Feast of Our Lady of Guadalupe
Lectionary: 690A

Reading 1 ZEC 2:14-17

Sing and rejoice, O daughter Zion!
See, I am coming to dwell among you, says the LORD.
Many nations shall join themselves to the LORD on that day,
and they shall be his people,
and he will dwell among you,
and you shall know that the LORD of hosts has sent me to you.
The LORD will possess Judah as his portion in the holy land,
and he will again choose Jerusalem.
Silence, all mankind, in the presence of the LORD!
For he stirs forth from his holy dwelling.

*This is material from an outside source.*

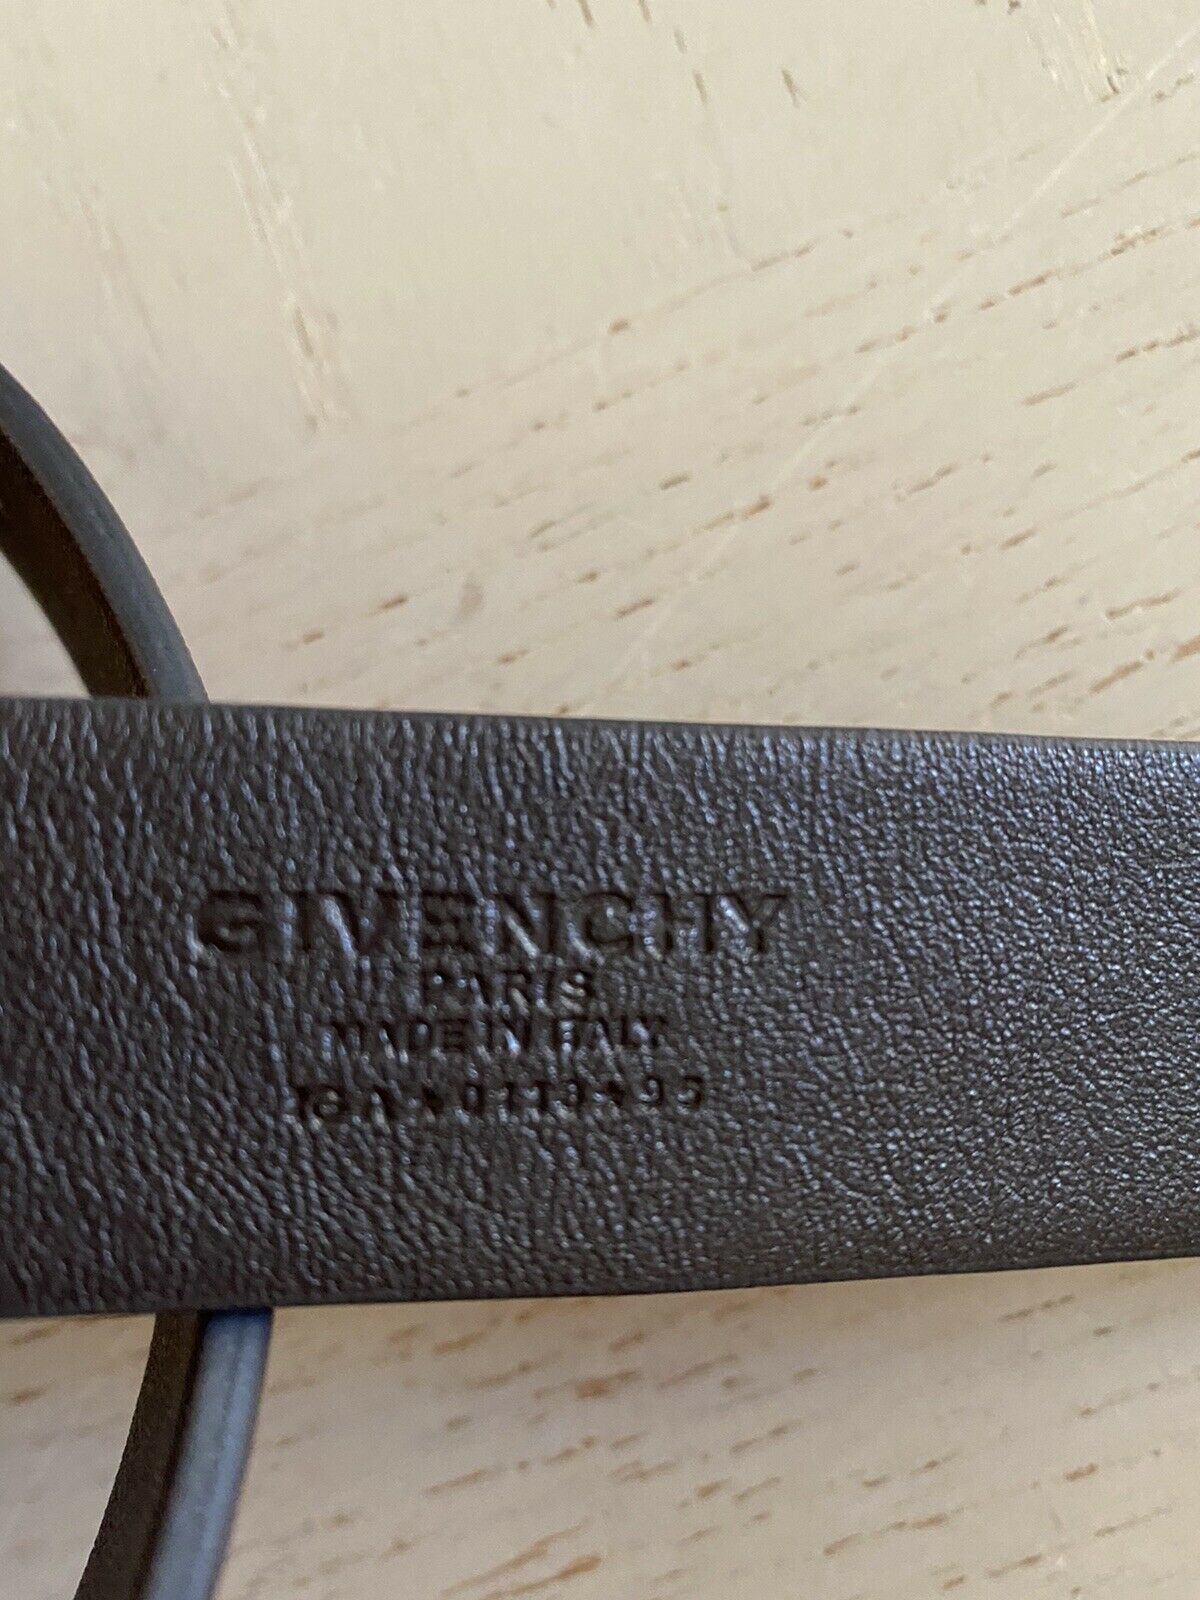 New $550 Givenchy Mens 4-G Engraved Long Genuine Leather Belt Brown 38/95 Italy
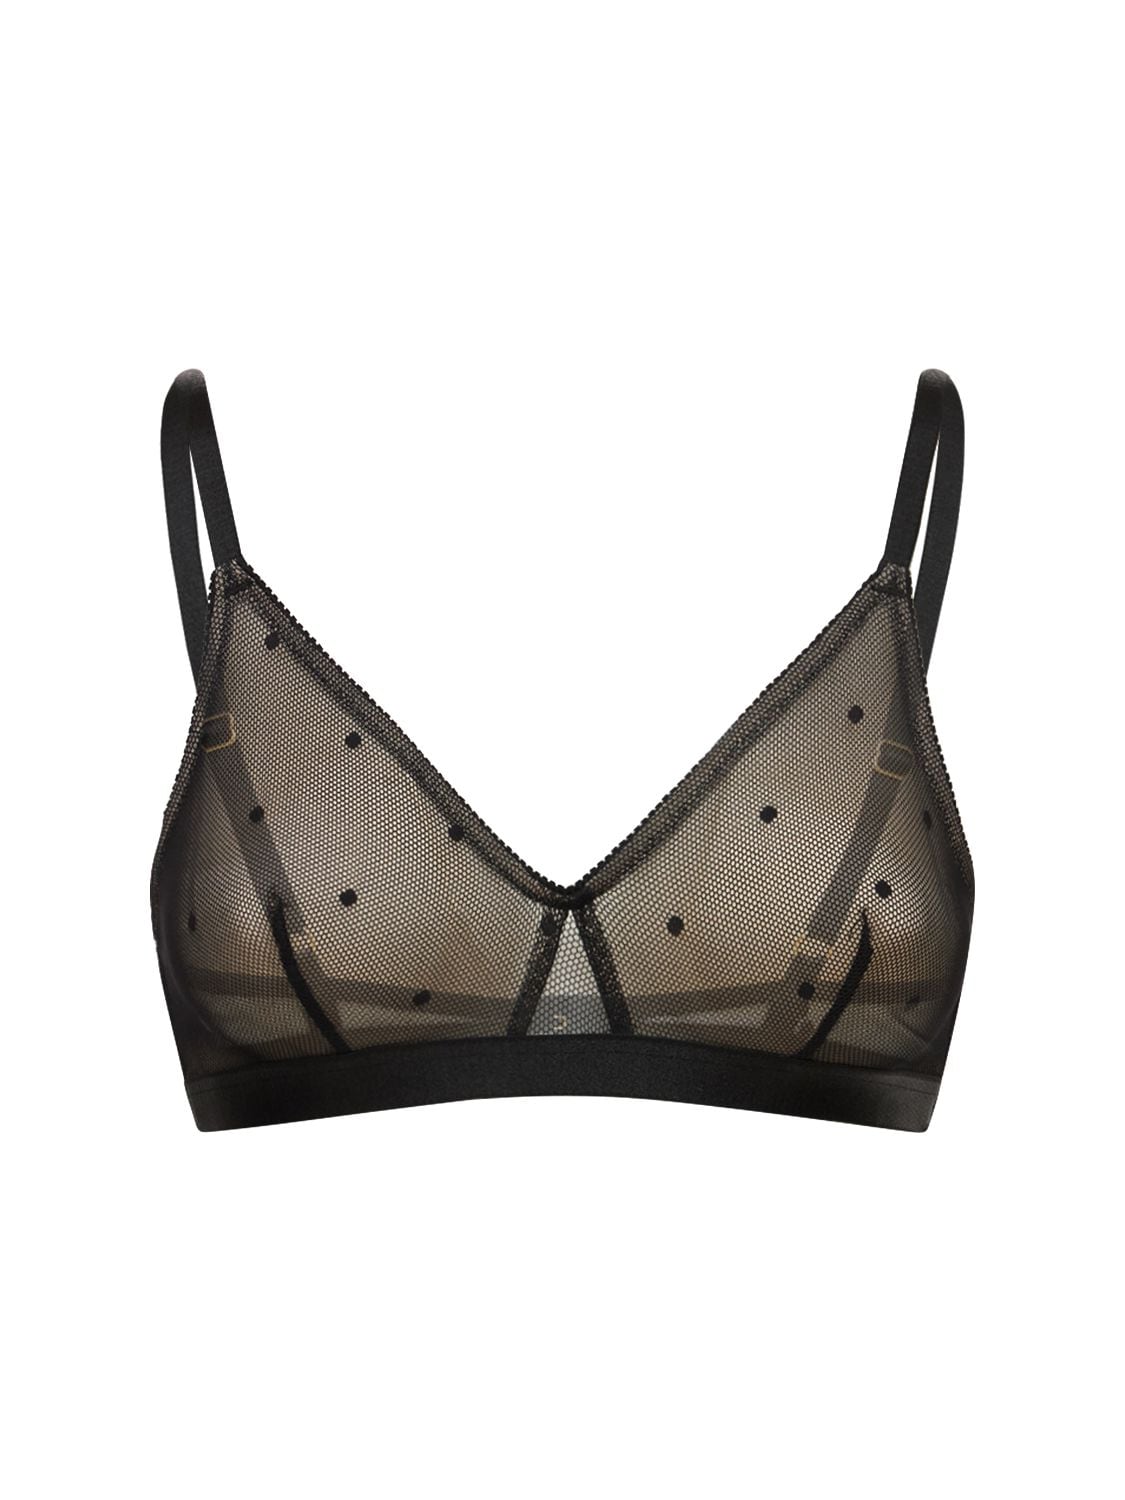 Shop Now For The Alexandra Lace Triangle Bra | Earth Shop

Or  RV 11:19A; 12:1-6A, 10AB

God’s temple in heaven was opened,
and the ark of his covenant could be seen in the temple.A great sign appeared in the sky, a woman clothed with the sun,
with the moon under her feet,
and on her head a crown of twelve stars.
She was with child and wailed aloud in pain as she labored to give birth.
Then another sign appeared in the sky;
it was a huge red dragon, with seven heads and ten horns,
and on its heads were seven diadems.
Its tail swept away a third of the stars in the sky
and hurled them down to the earth.
Then the dragon stood before the woman about to give birth,
to devour her child when she gave birth.
She gave birth to a son, a male child,
destined to rule all the nations with an iron rod.
Her child was caught up to God and his throne.
The woman herself fled into the desert
where she had a place prepared by God.Then I heard a loud voice in heaven say:
“Now have salvation and power come,
and the Kingdom of our God
and the authority of his Anointed.”

Responsorial Psalm JUDITH 13:18BCDE, 19

R. (15:9d) You are the highest honor of our race.
Blessed are you, daughter, by the Most High God,
above all the women on earth;
and blessed be the LORD God,
the creator of heaven and earth.
R. You are the highest honor of our race.
Your deed of hope will never be forgotten
by those who tell of the might of God.
R. You are the highest honor of our race.

Alleluia

R. Alleluia, alleluia.
Blessed are you, holy Virgin Mary, deserving of all praise;
from you rose the sun of justice, Christ our God.
R. Alleluia, alleluia.

Gospel LK 1:26-38

The angel Gabriel was sent from God
to a town of Galilee called Nazareth,
to a virgin betrothed to a man named Joseph,
of the house of David,
and the virgin’s name was Mary.
And coming to her, he said,
“Hail, full of grace! The Lord is with you.”
But she was greatly troubled at what was said
and pondered what sort of greeting this might be.
Then the angel said to her,
“Do not be afraid, Mary,
for you have found favor with God.
Behold, you will conceive in your womb and bear a son,
and you shall name him Jesus.
He will be great and will be called Son of the Most High,
and the Lord God will give him the throne of David his father,
and he will rule over the house of Jacob forever,
and of his Kingdom there will be no end.”
But Mary said to the angel,
“How can this be,
since I have no relations with a man?”
And the angel said to her in reply,
“The Holy Spirit will come upon you,
and the power of the Most High will overshadow you.
Therefore the child to be born
will be called holy, the Son of God.
And behold, Elizabeth, your relative,
has also conceived a son in her old age,
and this is the sixth month for her who was called barren;
for nothing will be impossible for God.”
Mary said, “Behold, I am the handmaid of the Lord.
May it be done to me according to your word.”
Then the angel departed from her.

Or LK 1:39-47

Mary set out
and traveled to the hill country in haste
to a town of Judah,
where she entered the house of Zechariah
and greeted Elizabeth.
When Elizabeth heard Mary’s greeting,
the infant leaped in her womb,
and Elizabeth, filled with the Holy Spirit,
cried out in a loud voice and said,
“Most blessed are you among women,
and blessed is the fruit of your womb.
And how does this happen to me,
that the mother of my Lord should come to me?
For at the moment the sound of your greeting reached my ears,
the infant in my womb leaped for joy.
Blessed are you who believed
that what was spoken to you by the Lord
would be fulfilled.”

And Mary said:

“My soul proclaims the greatness of the Lord;
my spirit rejoices in God my savior.”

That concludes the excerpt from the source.